Die Jahre vergehen, 1990, sommerliche Party in Garten unseres Reihenhauses in Dreieichenhain. Bruder Siegfried und Sohnemann Akki (damals aktiver Rennradfahrer, Juniorenhessenmeister auf der Radrennbahn im Frankfurter Waldstation, etc.) haben eine verrückte Idee: an einem verlängerten Wochenende mit dem Rennrad mal einige Dolomitenpässe fahren, vor allen die Sella Ronda..
An unsere damalige Reise nach Südtirol, an unsere Fahrradfahrt über die 4 Sella-Pässe, an die Rast auf dem Grödnerjoch bei herrlichem Herbstwetter aber auch an die Umrundung des Monte Cristallo mit Mittagspause am Misurinasee am nächsten Tag habe ich wunderbare Erinnerungen.
Rennradfahren über gut ausgebaute Hochgebirgspaßstraßen, insbesondere in den Dolomiten, ist etwas ganz großartiges, man kann es nicht beschreiben. Landschaftserlebnissport pur. Langsam aber sicher schraubst du dich Meter um Meter nach oben, langsam fahren, Puls 120 bis 130, Grandmasters (= < 65 Jahre) lassen sich Zeit, Bergzeitfahren ist etwas für Jüngere, Radrennen über mehrere Hochgebirgspässe überlassen wir gedopten Gerolsteiner-, Milram- oder anderen Profis. Du kommst höher, die Fernsicht wird ständig grandioser, der Blick in die Dolomitenlandschaft ist unübertroffen.
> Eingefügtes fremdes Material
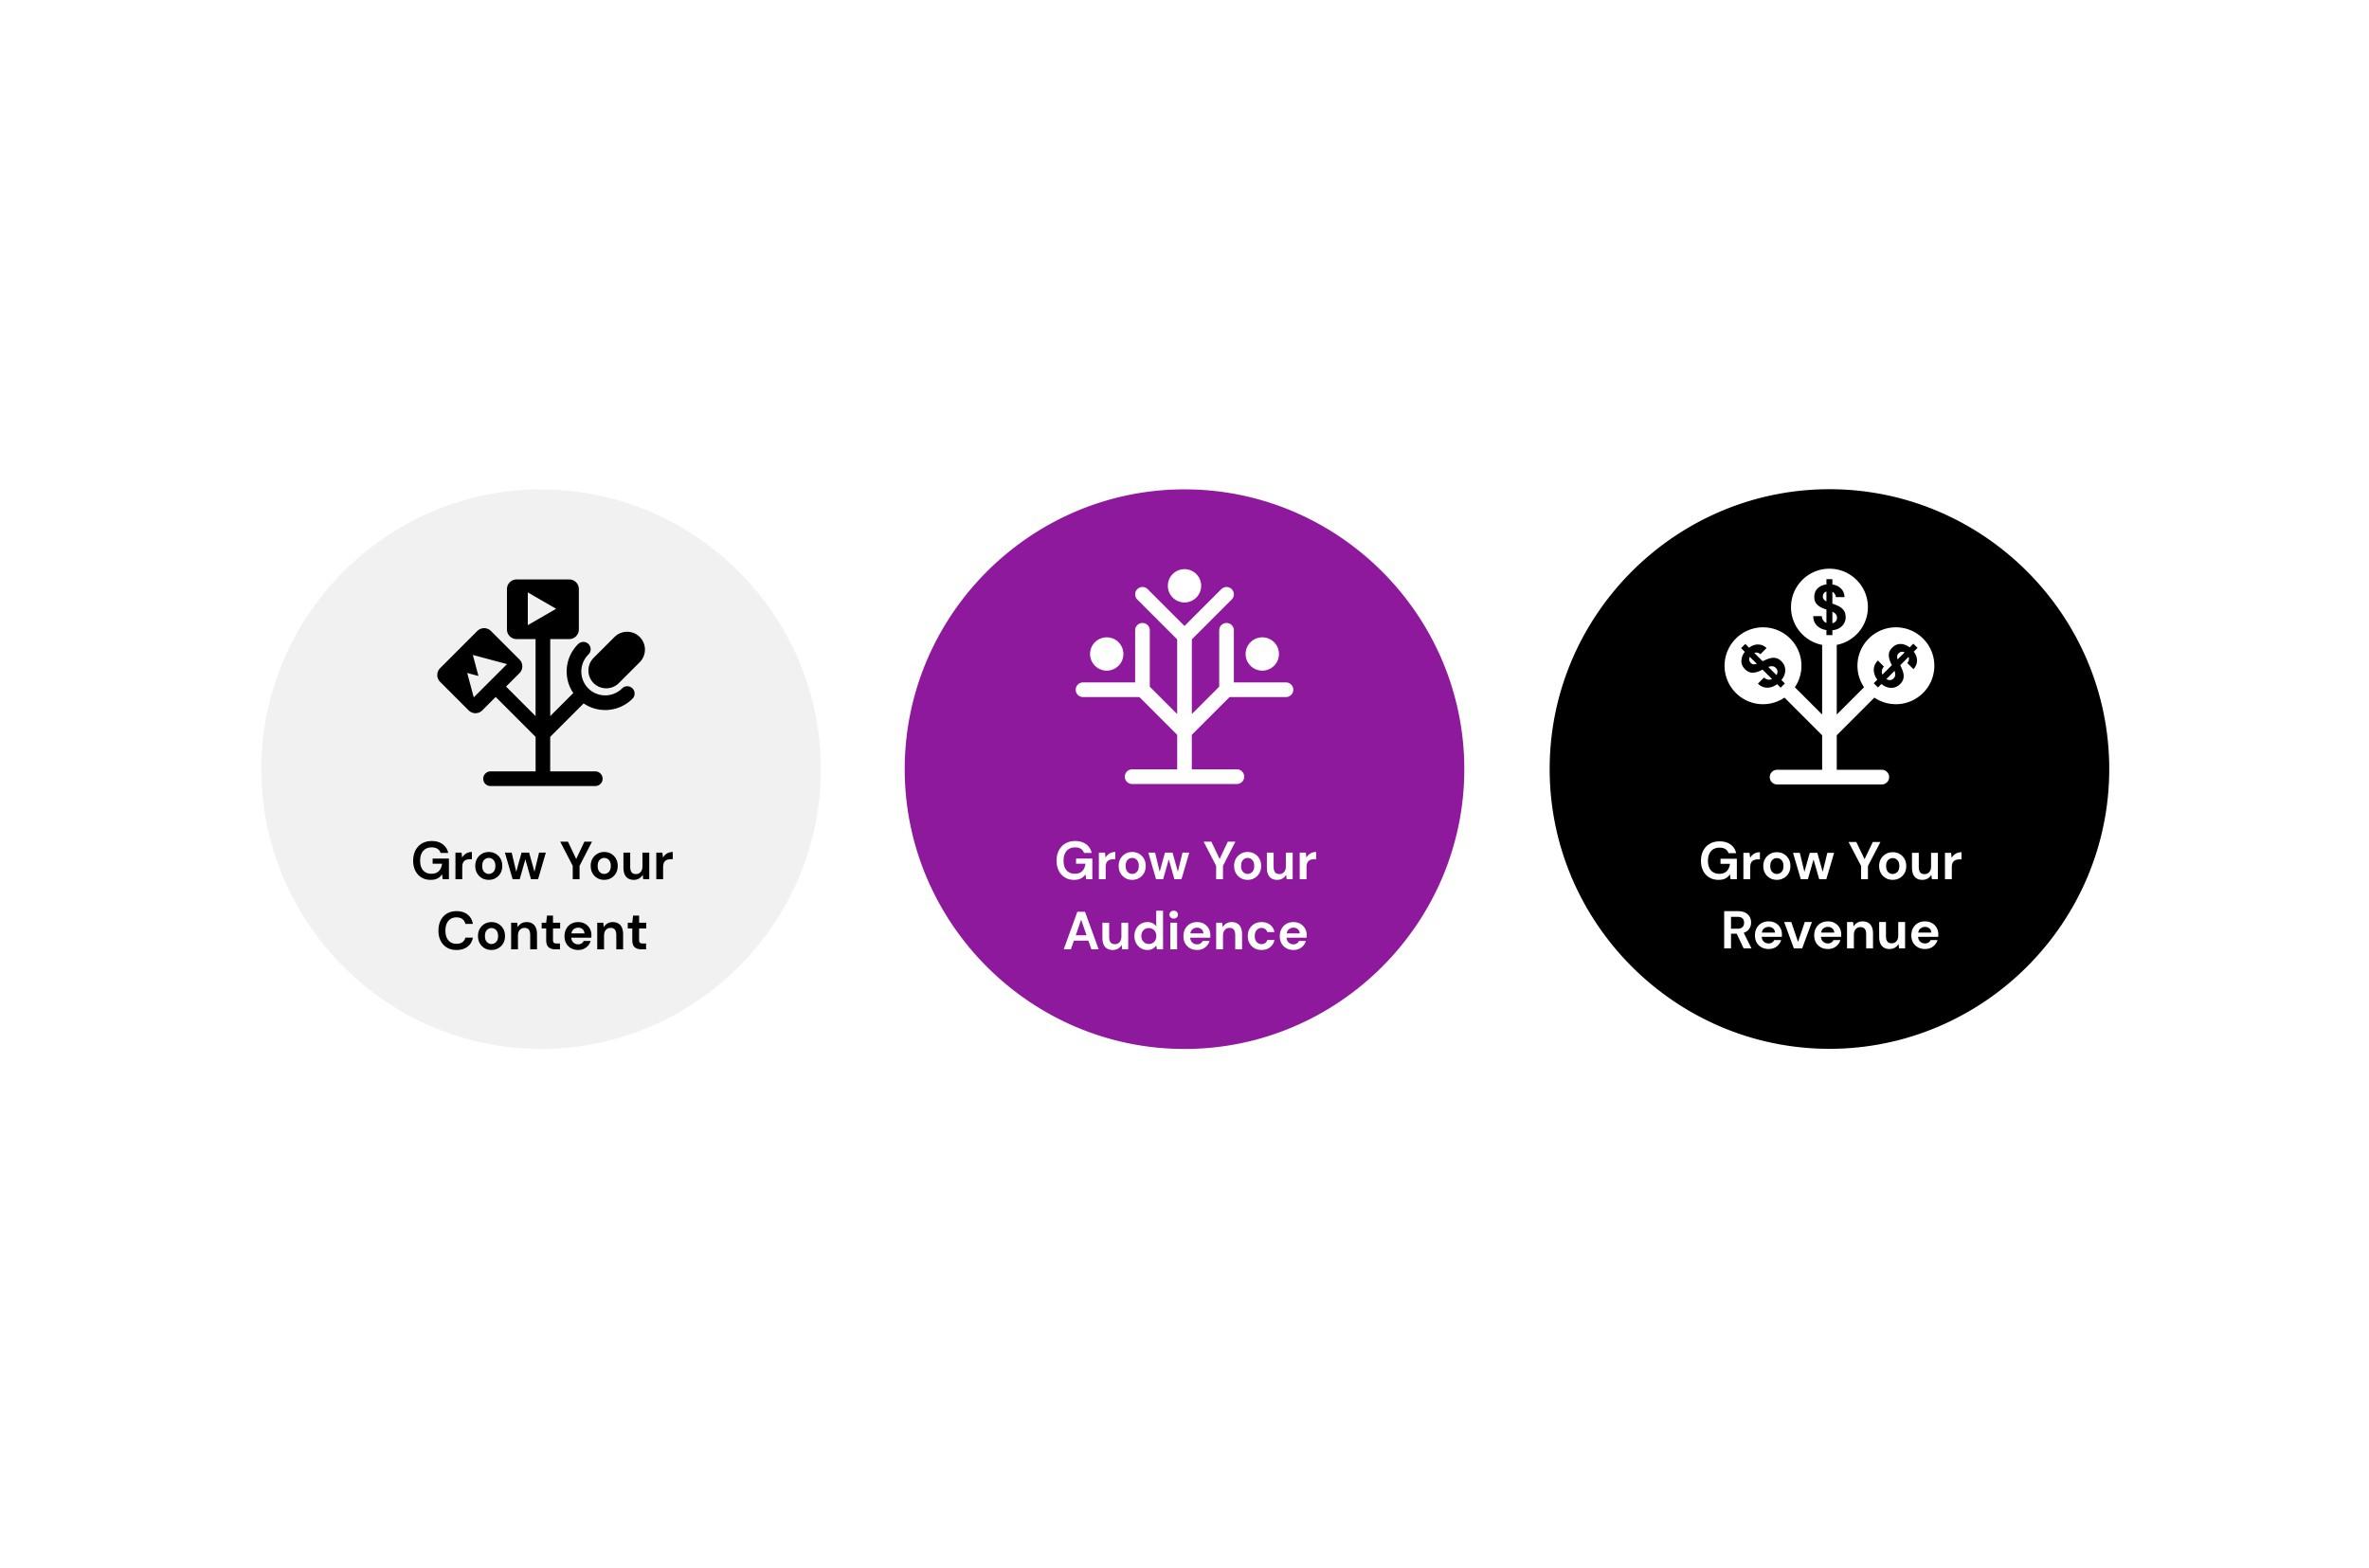 Design set of icons incorporating neuromarketing principles

2008. Vor einigen Tagen habe ich vom "Sella Ronda Bike Day" gehört, im Internet ist die Sache genau beschrieben: Am Sonntag, den 06.07.08 sind die Paßstraßen um die Sella Gruppe für Autos gesperrt, die Sella Ronda gehört den Radfahrern alleine.
Das wäre eine Gelegenheit, wenn nicht jetzt, wann dann. Ich reserviere ein Zimmer im 3 Sterne Hotel Val Parola in Armentarola und befinde mich mit meinem Colnago Classico (Bereifung: Schwalbe Ultremo) am Sonntag (06.07.) um 9:00 Uhr auf der Auffahrt zum Compolongo. Ich fahre die Sella Ronda zusammen mit ca. 12.500 Rennradfahrern und Mountain Bikern, (vom Veranstalter geschätzt). Es ist großartig, ich blicke in unzählige glückliche Radfahrergesichter und in eine phantastische Gebirgslandschaft, an die ich so großartige Erinnerungen über bald 5 Jahrzehnte habe.
Zurück in La Villa fängt es an zu regnen, aber das stört mich nicht mehr, ich habe die Sella Ronda zum vierten oder fünften mal in meinen Leben gemacht, 2 oder 3 mal mit Abfahrtsski und Lift und 2 mal mit dem Rennrad, bergauf mit eigener Kraft.
Warum habe ich diesen kleinen Aufsatz publiziert? Er soll eine Anregung sein zur Freude am Landschaftserlebnissport!